### Information supplied
========================================

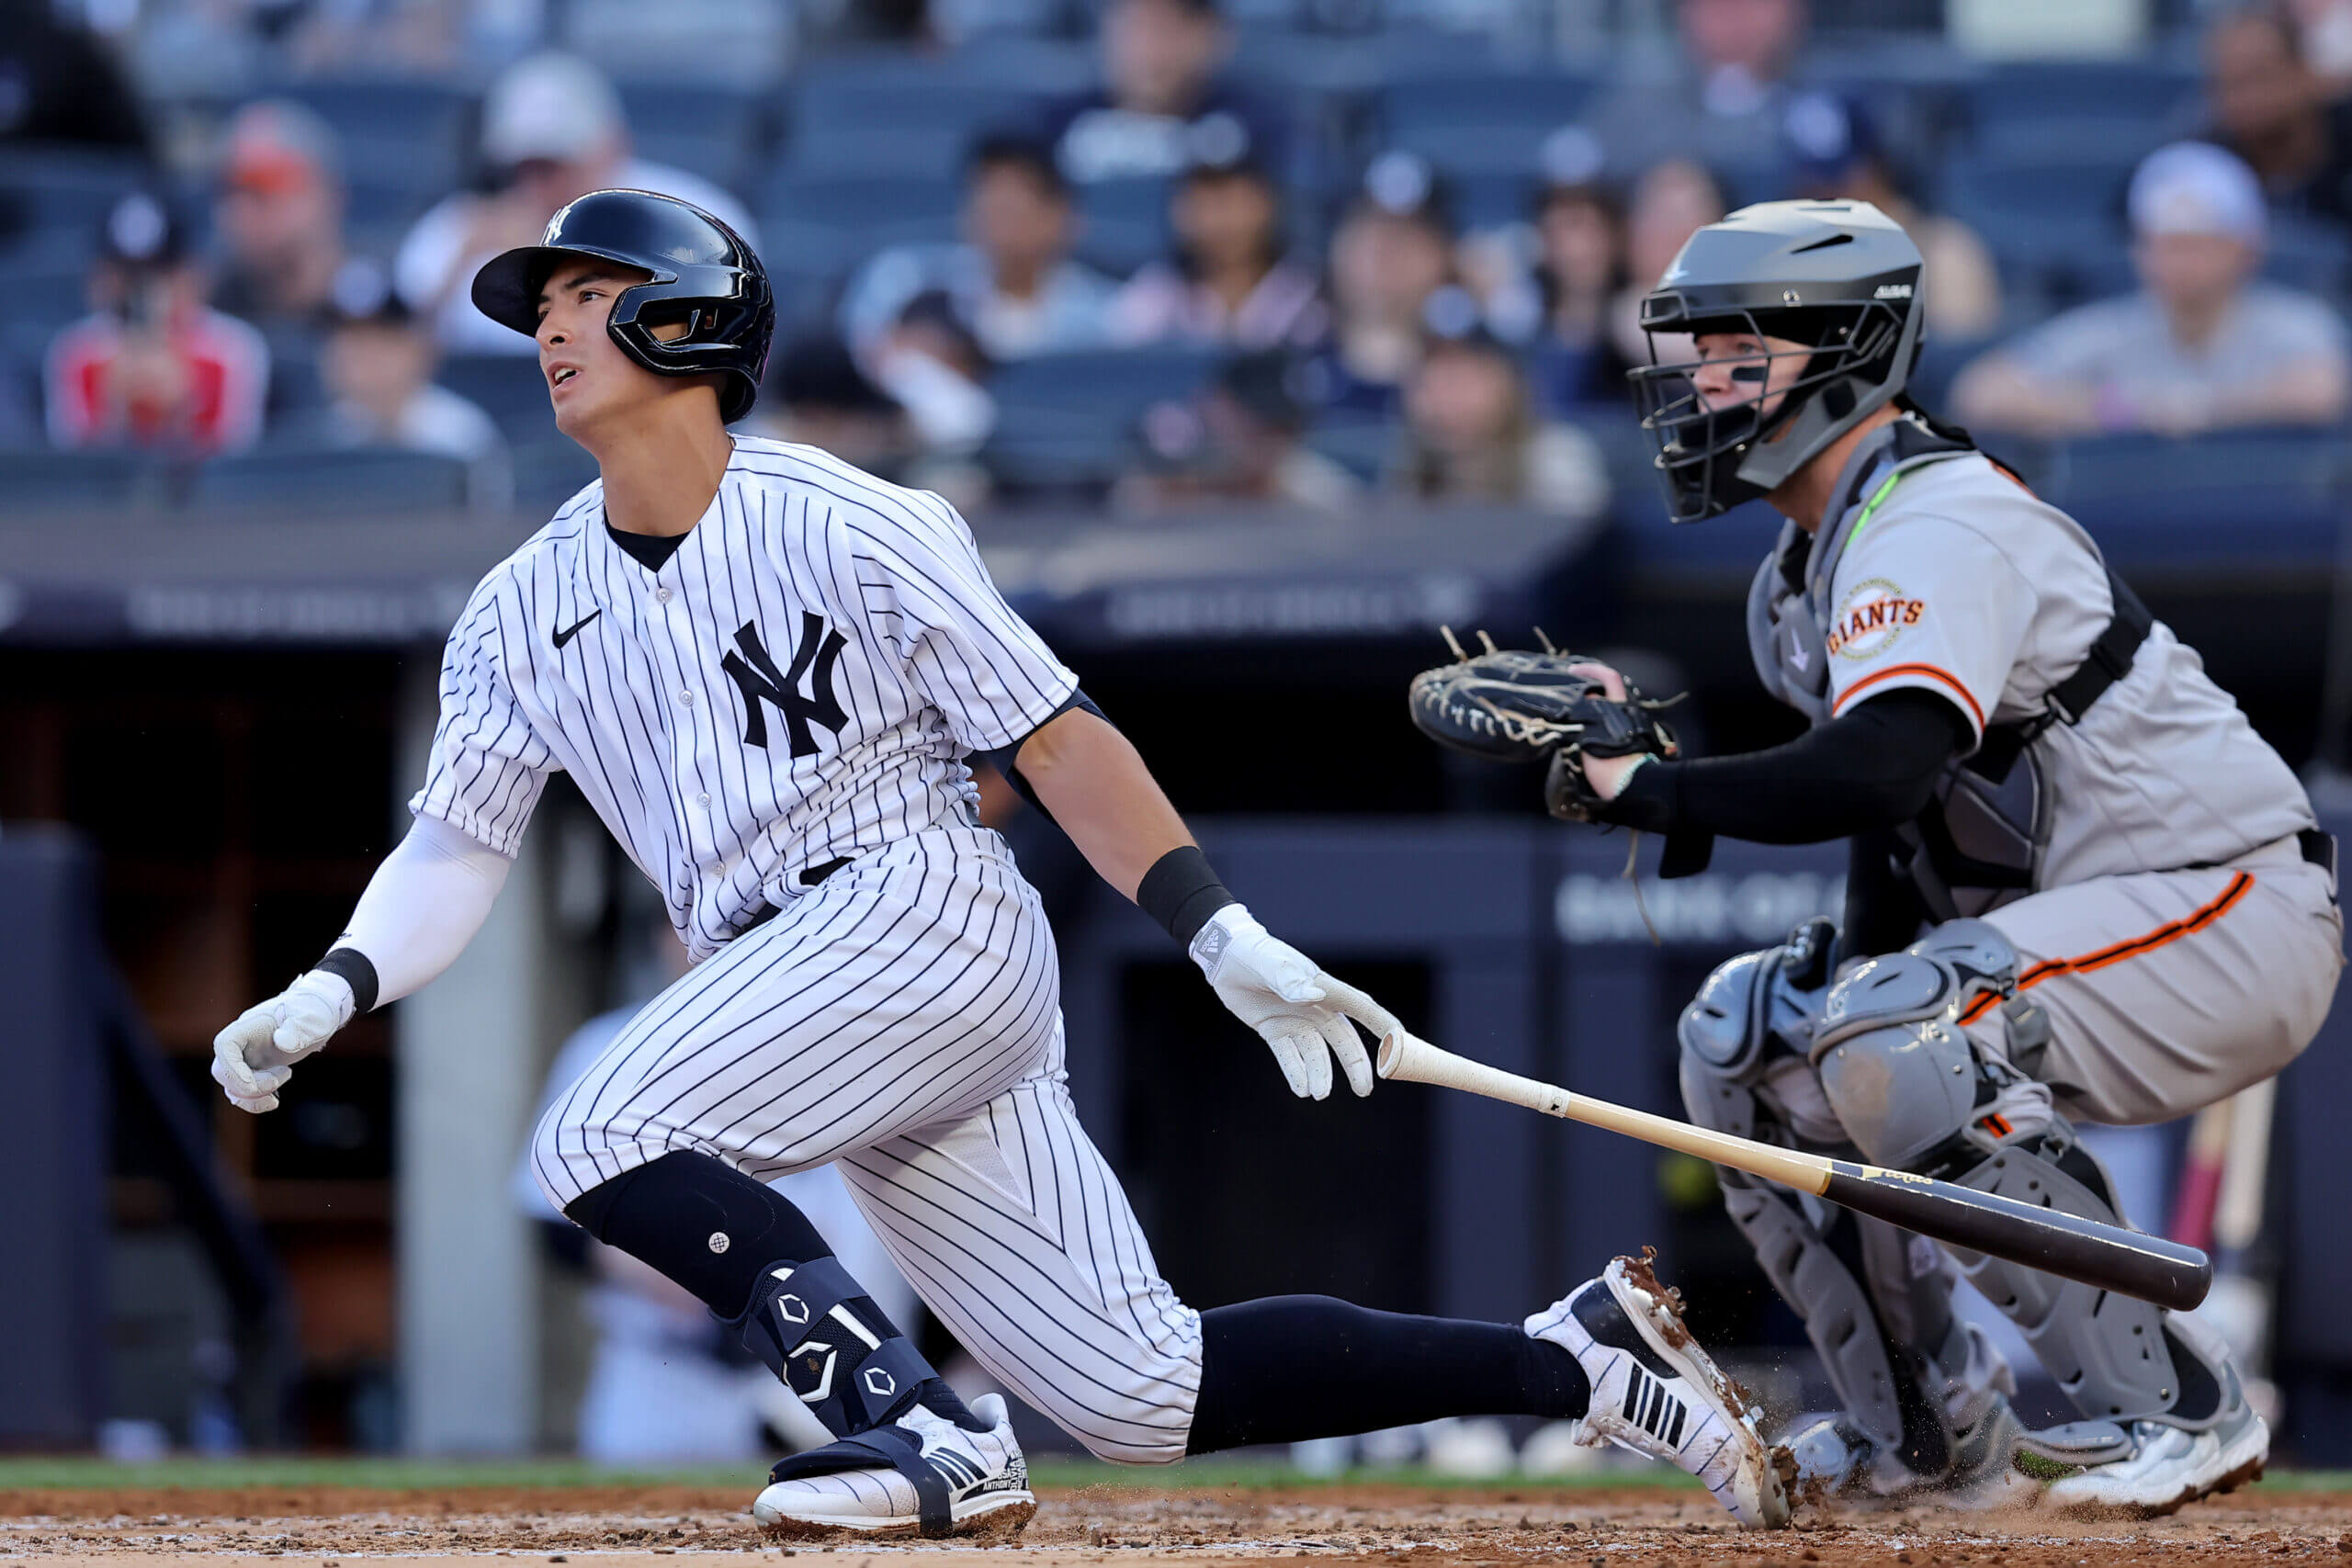 Anthony Volpe's path to Yankees' Opening Day roster has many obstacles
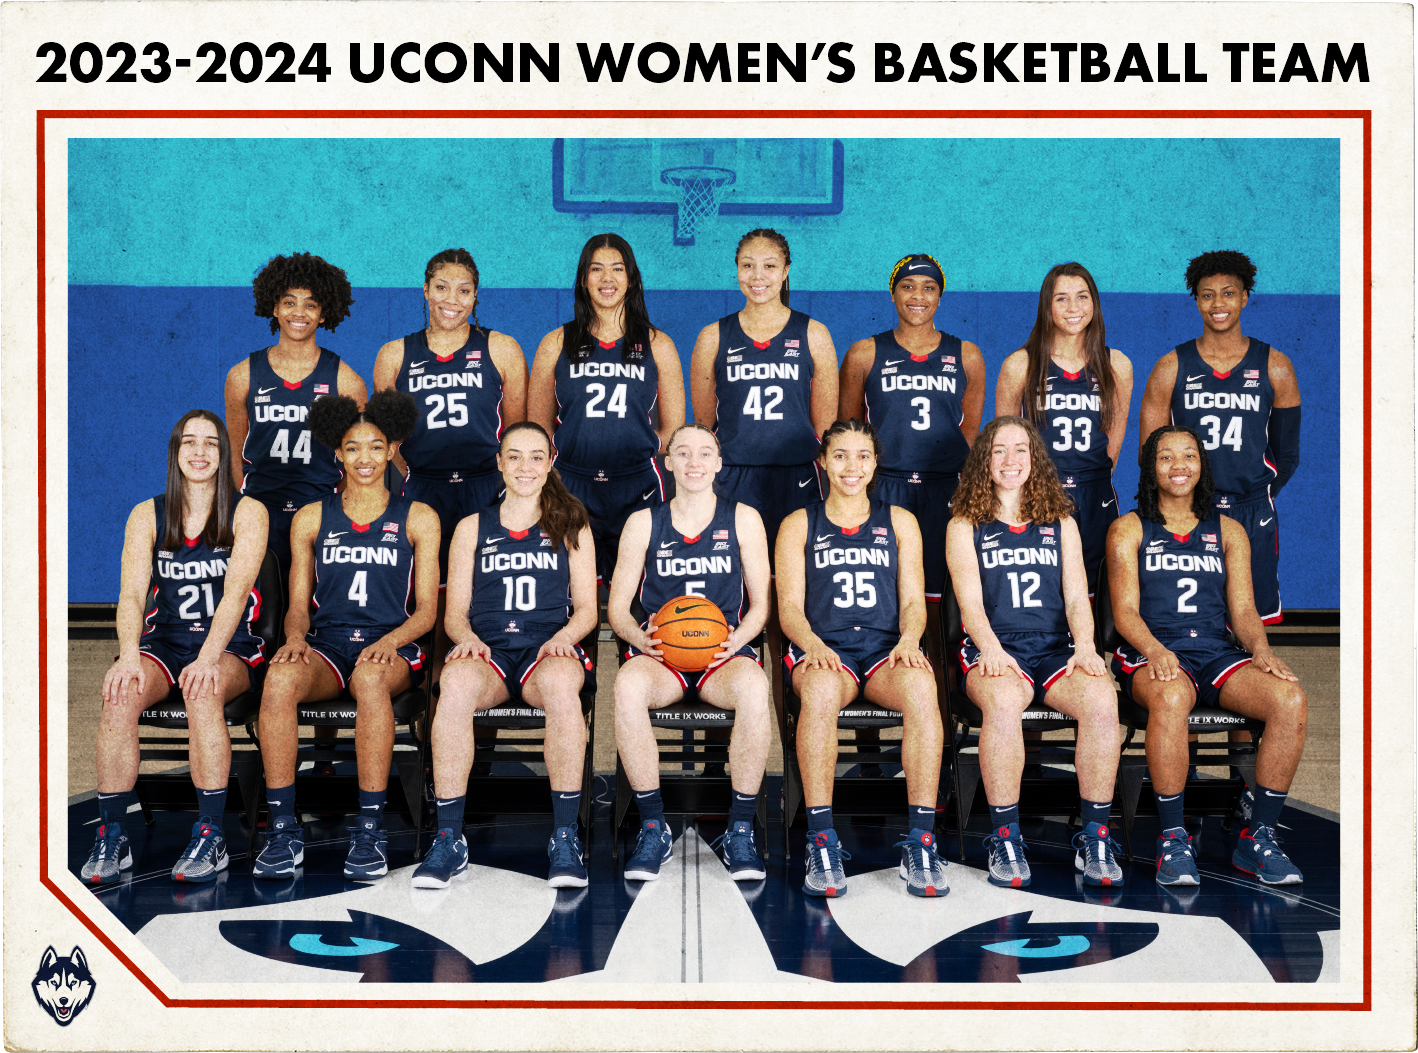 Vintage-style trading card showing a posed team picture of the 2023-2024 UConn women’s Basketball Team in a gymnasium.
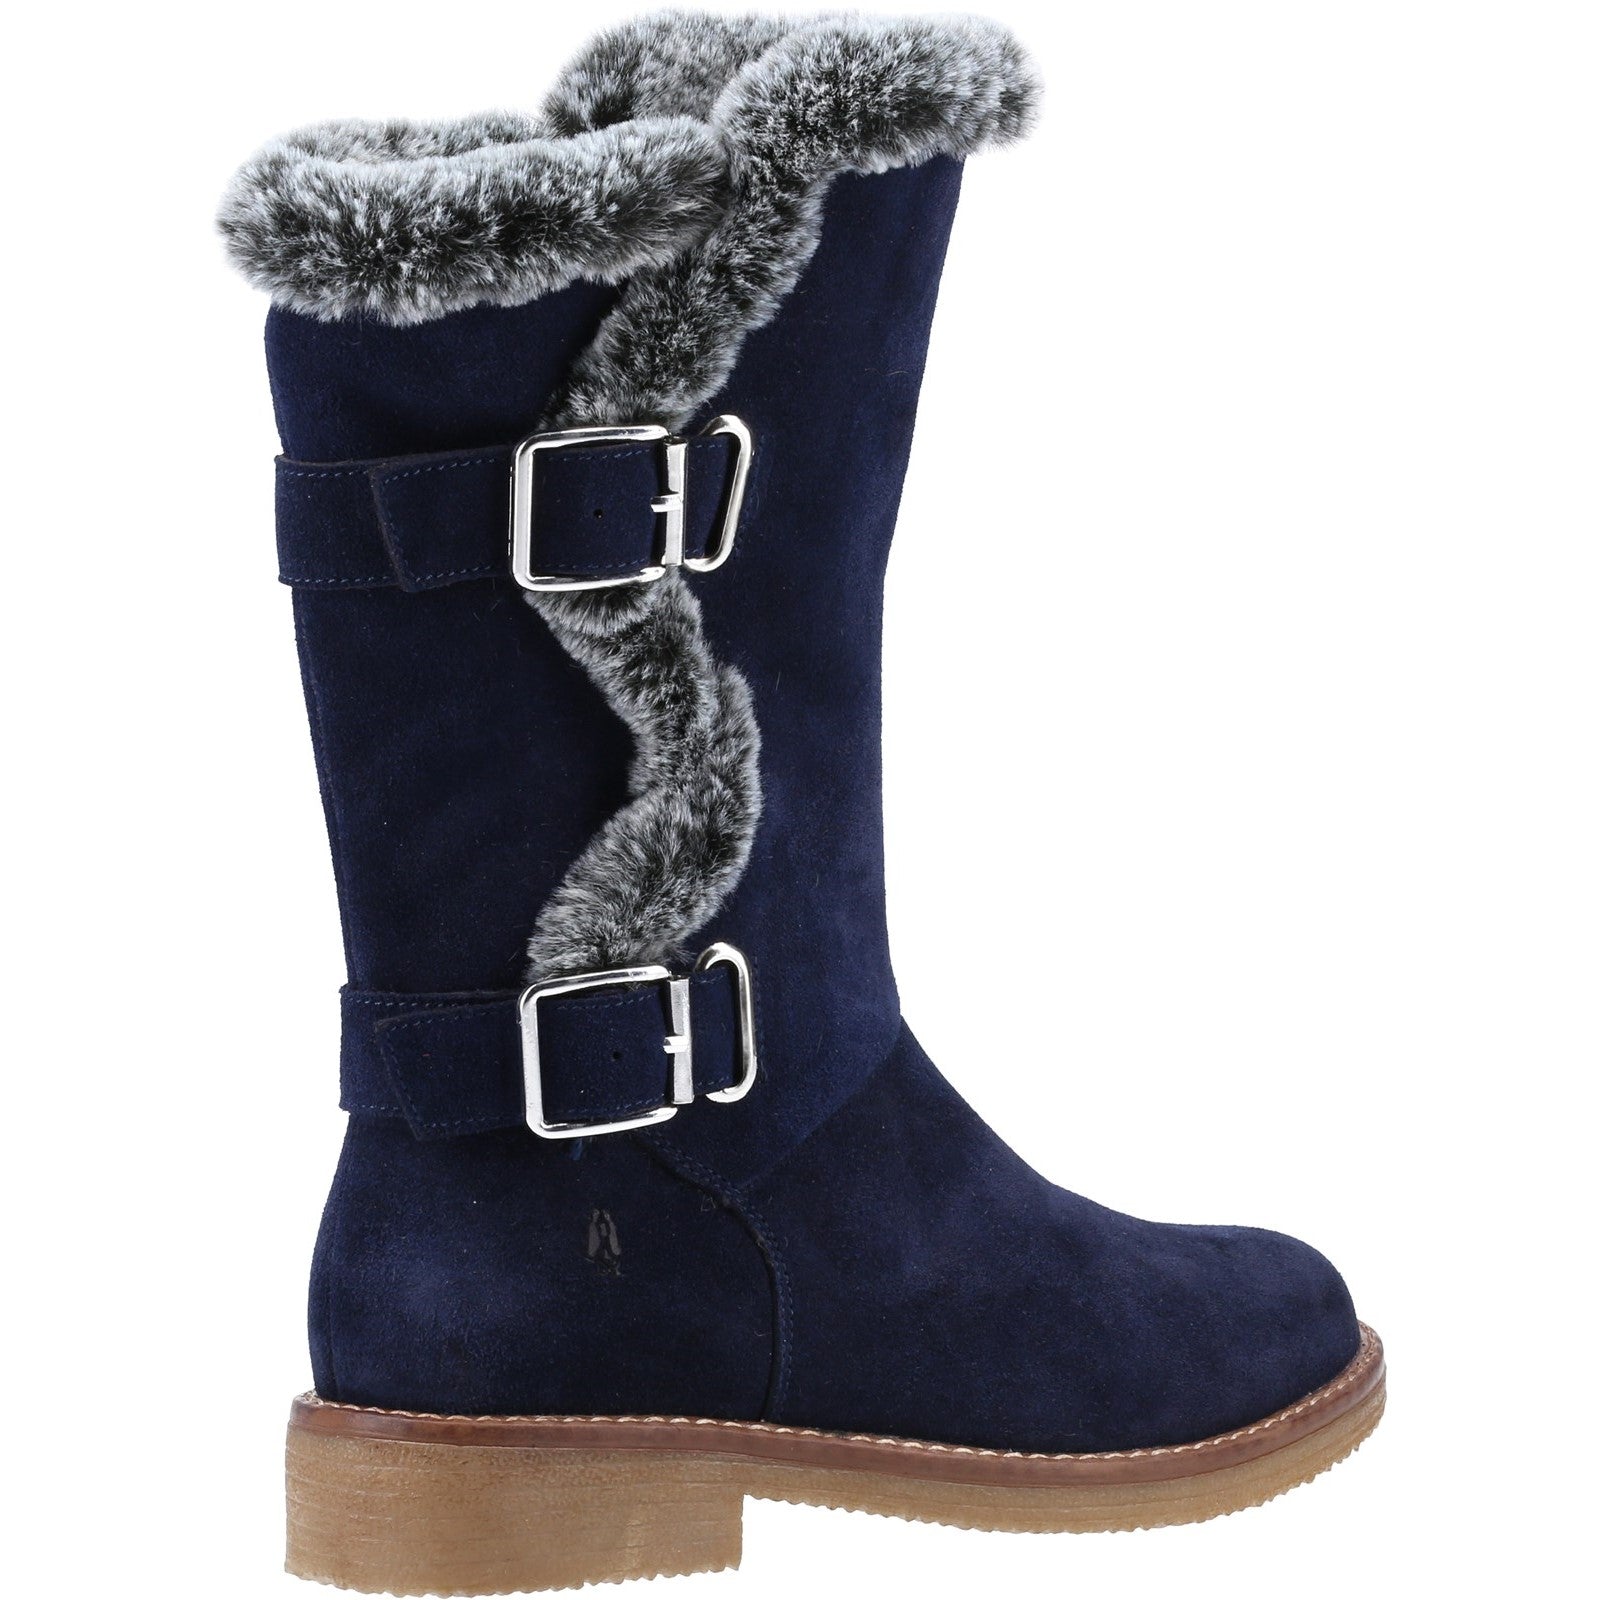 Hush Puppies Womens Megan Suede Mid Boots - Navy

========================================

### What is expected
The listing above must be retyped word for word, without the pictures.

### Task result
 Anthony Volpe's path to Yankees' Opening Day roster has many obstacles
 Vintage-style trading card showing a posed team picture of the 2023-2024 UConn women’s Basketball Team in a gymnasium.
 Hush Puppies Womens Megan Suede Mid Boots - Navy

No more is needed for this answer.